> **Your objective**
Every line of the listing below should be written out exactly, minus its images.

> **Input data**
[Start of Attachment]

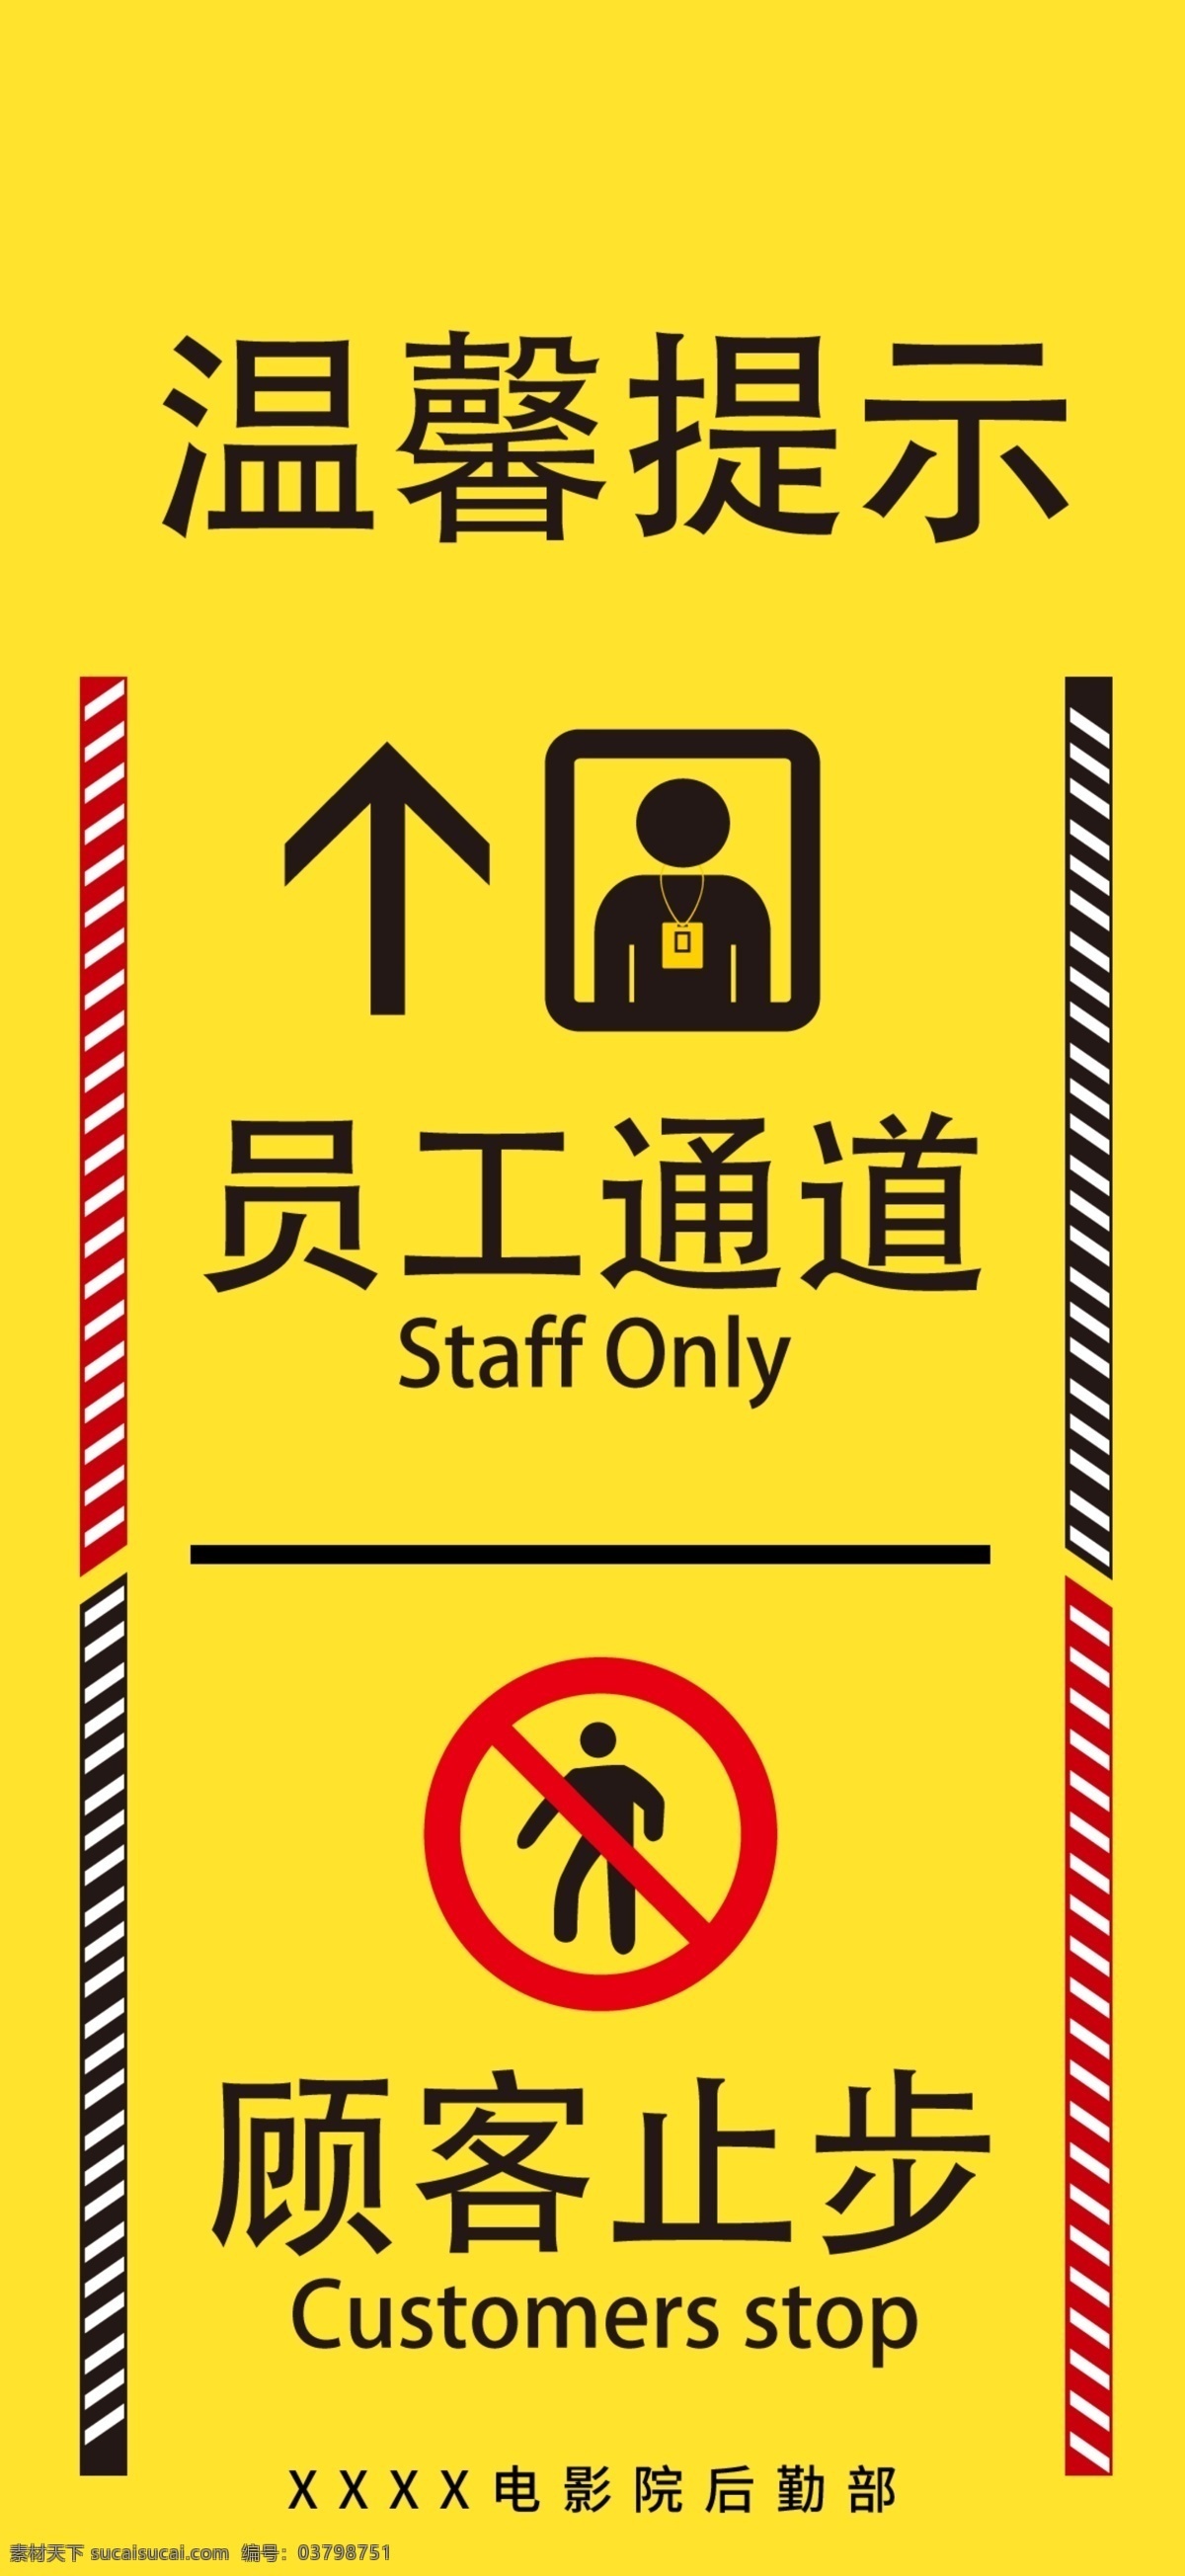 员工 通道 顾客 止步 指路牌 员工通道 顾客止步 企业 标识 指示 牌子
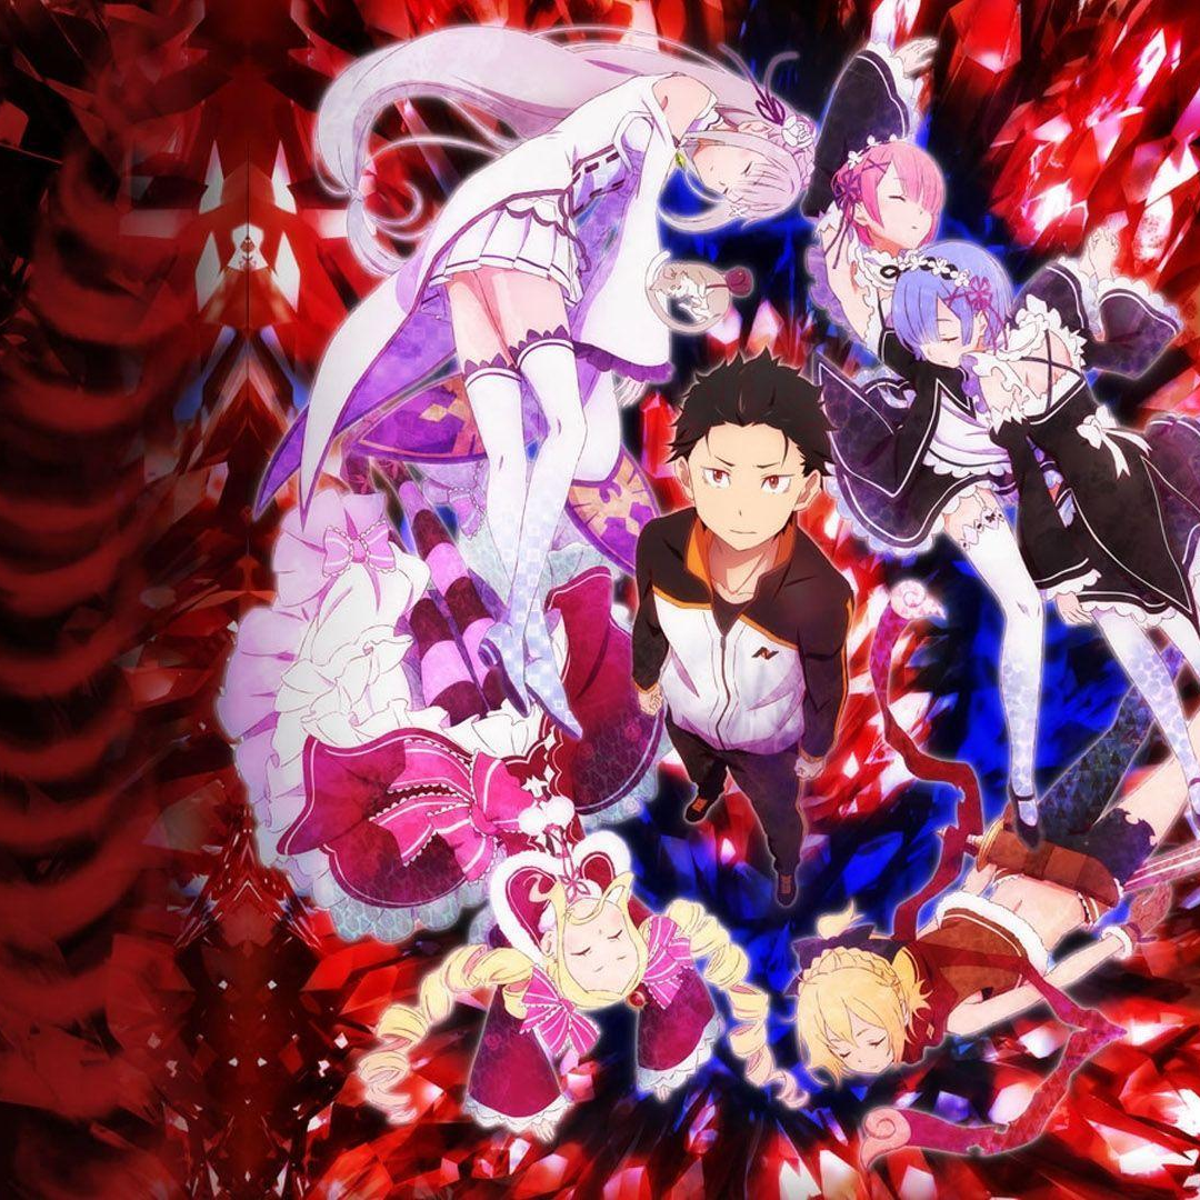 Novo OVA de Re: Zero tem Trailer e data divulgados - Anime Center BR
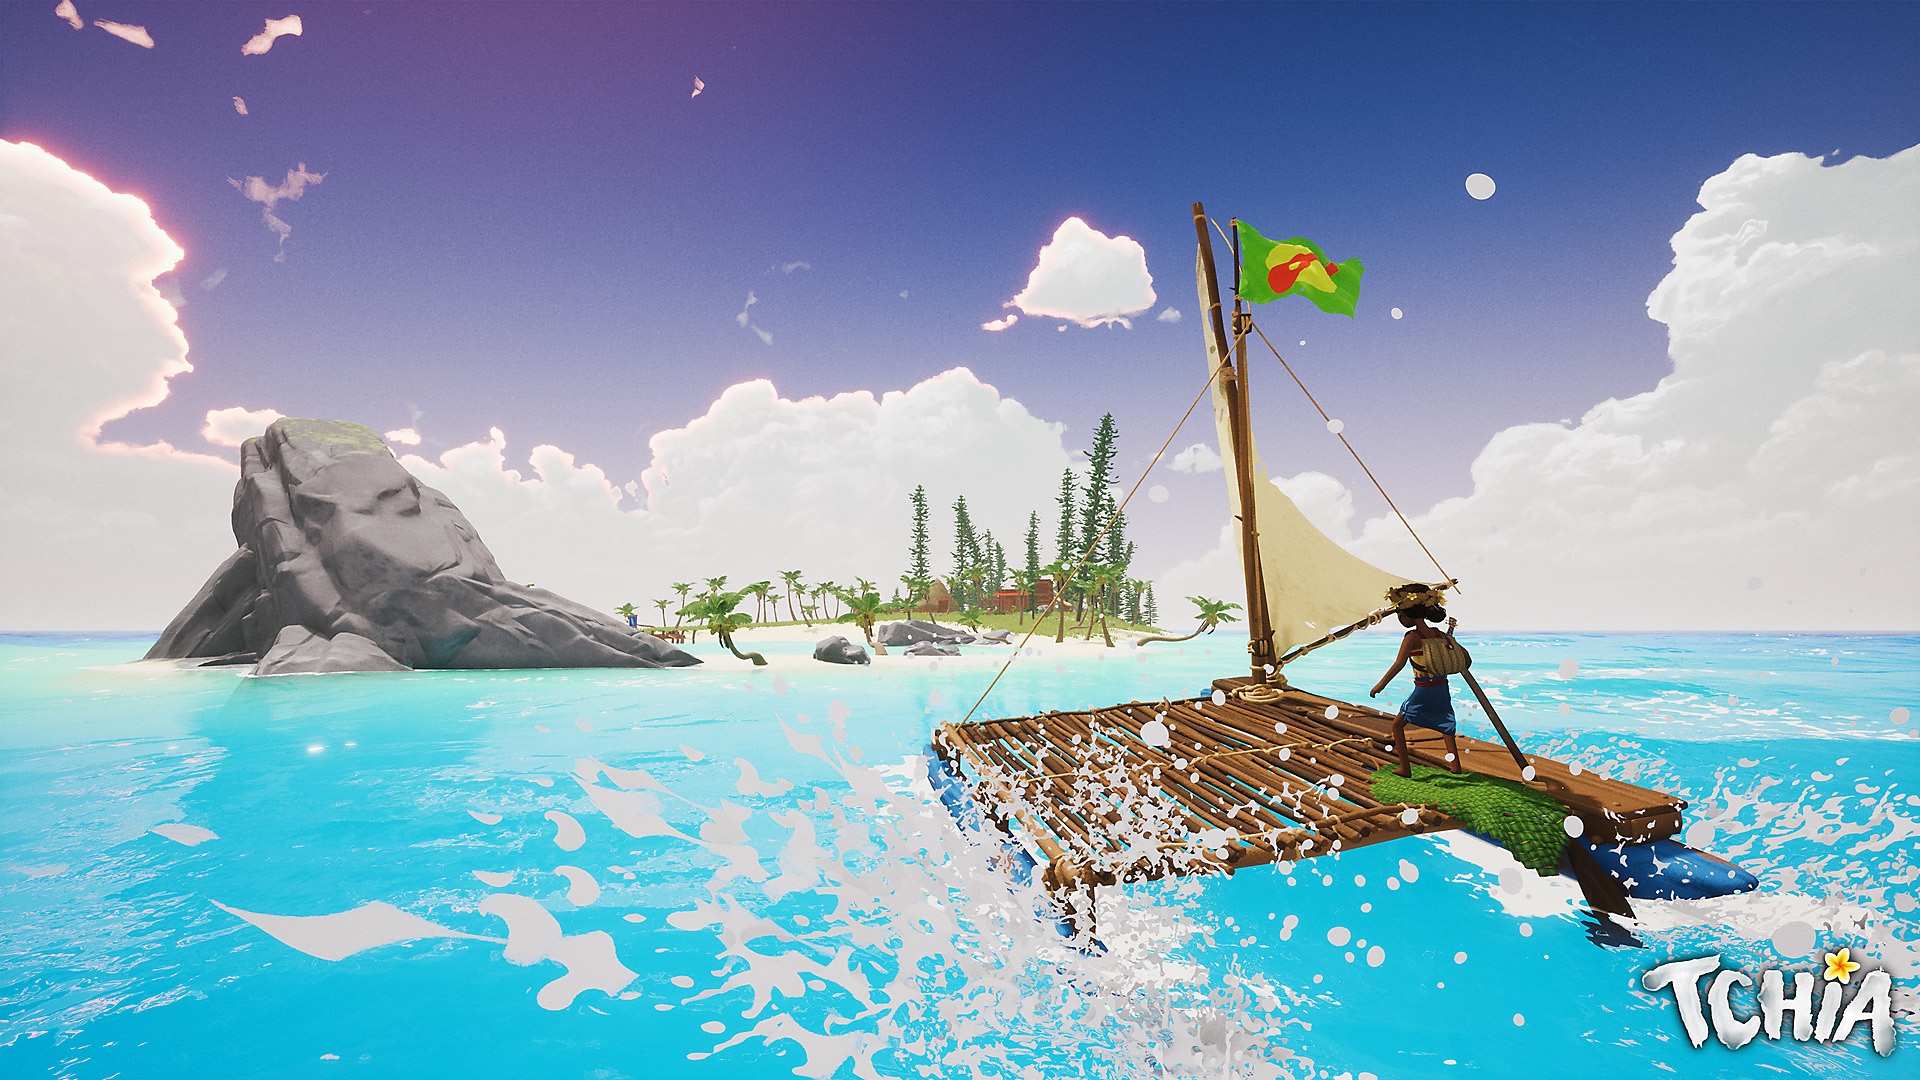 Snimka zaslona iz igre Tchia prikazuje glavnu junakinju kako plovi na splavi prema otoku

[End of Attachment]

> **Answer box**
 员工 通道 顾客 止步 指路牌 员工通道 顾客止步 企业 标识 指示 牌子
 Novo OVA de Re: Zero tem Trailer e data divulgados - Anime Center BR
 Snimka zaslona iz igre Tchia prikazuje glavnu junakinju kako plovi na splavi prema otoku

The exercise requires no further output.